# The Speed and Accuracy Trade Off on the GMAT We know that speed is important in GMAT. We have about 2 mins per question and we always have questions in which we get stuck, waste 3-4 mins and probably still answer incorrectly. So we are always trying to go faster, rush, complete the easy ones in less time! In our bid to save time, sometimes we sacrifice accuracy. We should know that accuracy is most important. No point running through questions and completing all of them before time if at the end of it all, most of our answers are incorrect – there are no bonus points for completing the test before time, after all!

In your haste to complete the test on time, don’t overlook the important details. Getting too many easy questions wrong is certainly disastrous. Take a step back and ensure that what they asked is what you have found and that your logic is solid. To illustrate the problem, let’s give you a question – people gloss over it, consider it an easy remainders problem, answer it incorrectly and move on. But guess what, it isn’t as easy as it looks!

Question: If m and n are positive integers such that m > n, what is the remainder when m^2 – n^2 is divided by 21?
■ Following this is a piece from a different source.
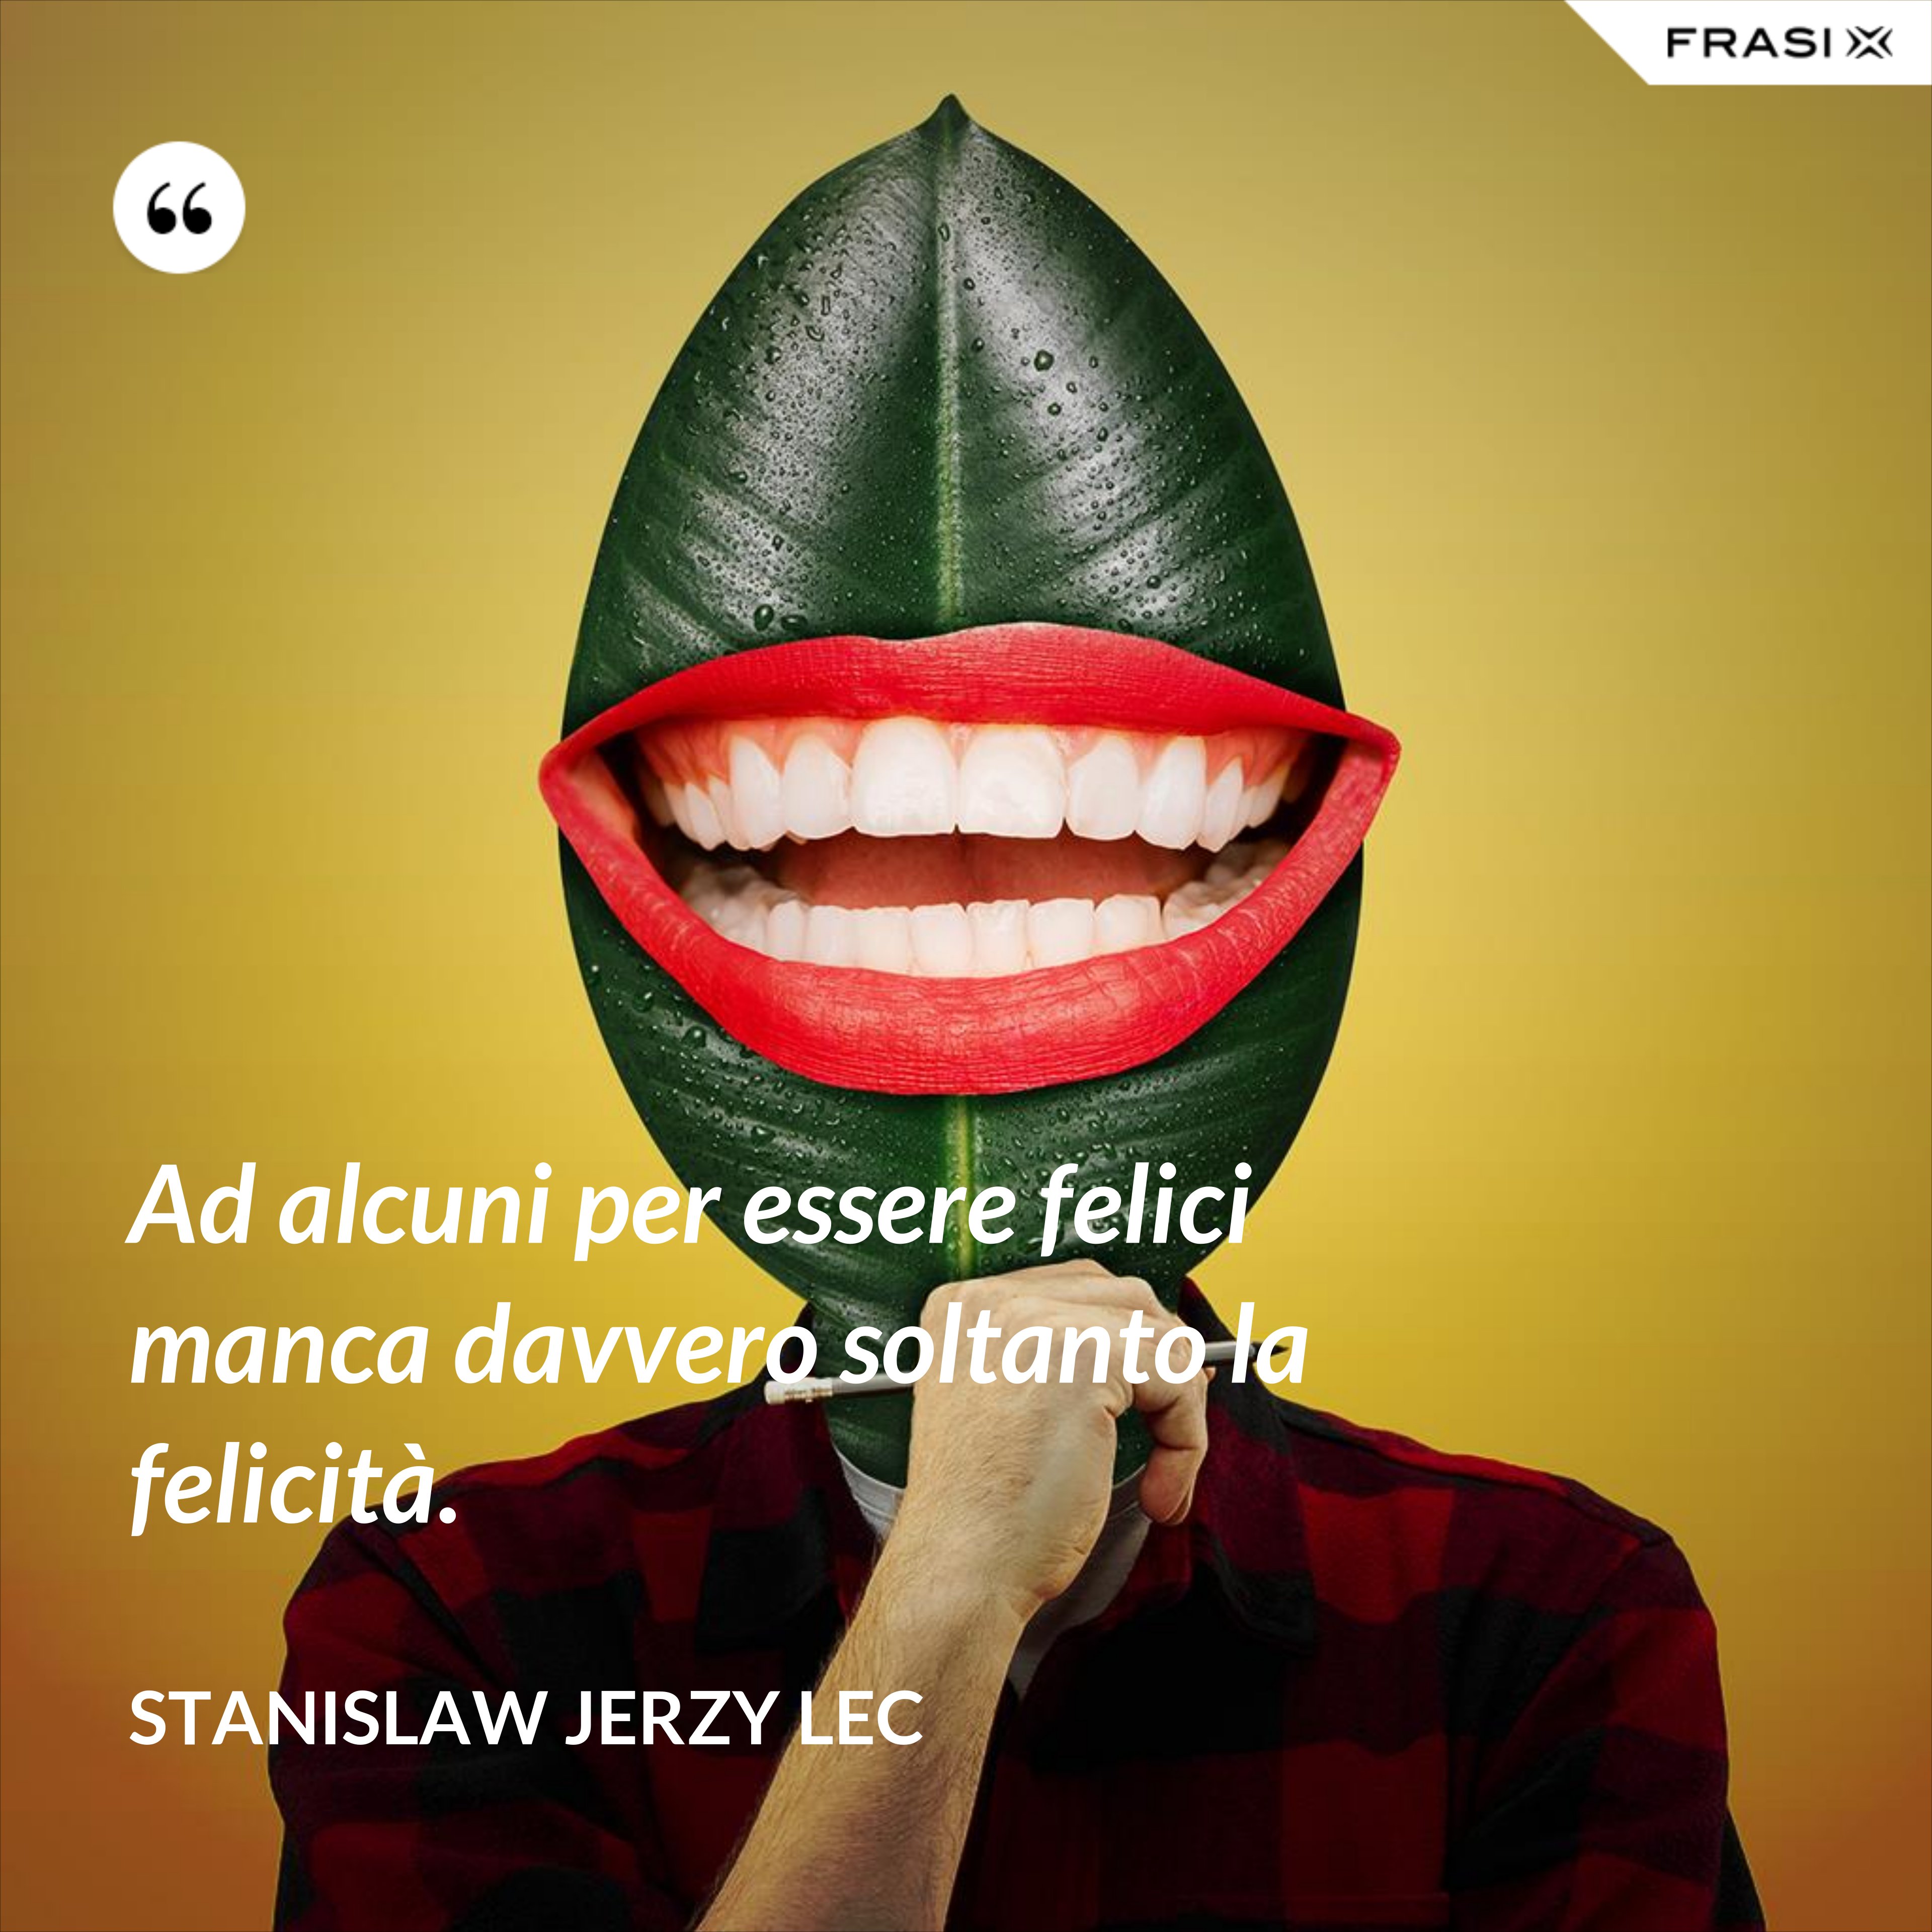 Ad alcuni per essere felici manca davvero soltanto la felicità. - Stanislaw Jerzy Lec

Statement 1: The remainder when (m + n) is divided by 7 is 1.

Statement 2: The remainder when (m – n) is divided by 3 is 1.

First let’s give you the incorrect solution provided by many.

Question: What is the remainder when (m^2 – n^2) is divided by 21?

Statement 1: The remainder when (m + n) is divided by 7 is 1.

(m + n) = 7a + 1

Statement 2: The remainder when (m – n) is divided by 3 is 1.

(m – n) = 3b + 1

Therefore, remainder of product (m^2 – n^2) = (m + n)*(m – n) = (7a + 1)(3b + 1) when it is divided by 21 is 1.

This would have been correct had the statements been:

Statement 1: The remainder when (m + n) is divided by 21 is 1.
Statement 2: The remainder when (m – n) is divided by 21 is 1.

Statement 1: (m + n) = 21a + 1
Statement 2: (m – n) = 21b + 1
(m^2 – n^2) = (m + n)*(m – n) = (21a + 1)*(21b + 1) = 21*21ab + 21a + 21b + 1

Here, every term is divisible by 21 except the last term 1. So when we divide (m^2 – n^2) by 21, the remainder will be 1.

But let’s go back to our original question. If you solved it the way given above and got the answer as (C), you are not the only one who jumped the gun. Many people end up doing just that. But here is the correct solution:

The statements given are:

Statement 1: The remainder when (m + n) is divided by 7 is 1.

(m + n) = 7a + 1

Statement 2: The remainder when (m – n) is divided by 3 is 1.

(m – n) = 3b + 1

This gives us (m^2 – n^2) = (m + n)*(m – n) = (7a + 1)(3b + 1) = 21ab + 7a + 3b + 1

Here only the first term is divisible by 21. We have no clue about the other terms. We cannot say that 7a is divisible by 21. It may or may not be depending on the value of a. Similarly, 3b may or may not be divisible by 21 depending on the value of b. So how can we say here that the remainder must be 1? We cannot. We do not know what the remainder will be in this case even with both statements together.

Say, if a = 1 and b = 1,

m^2 – n^2 = 21*1*1 + 7*1 + 3*1 + 1 = 21 + 11

The remainder when you divide m^2 – n^2 by 21 will be 11.

Say, if a = 2 and b = 1,

m^2 – n^2 = 21*2*1 + 7*2 + 3*1 + 1 = 21*2 + 18

The remainder when you divide m^2 – n^2 by 21 will be 18.

Hence, both statements together are not sufficient to answer the question.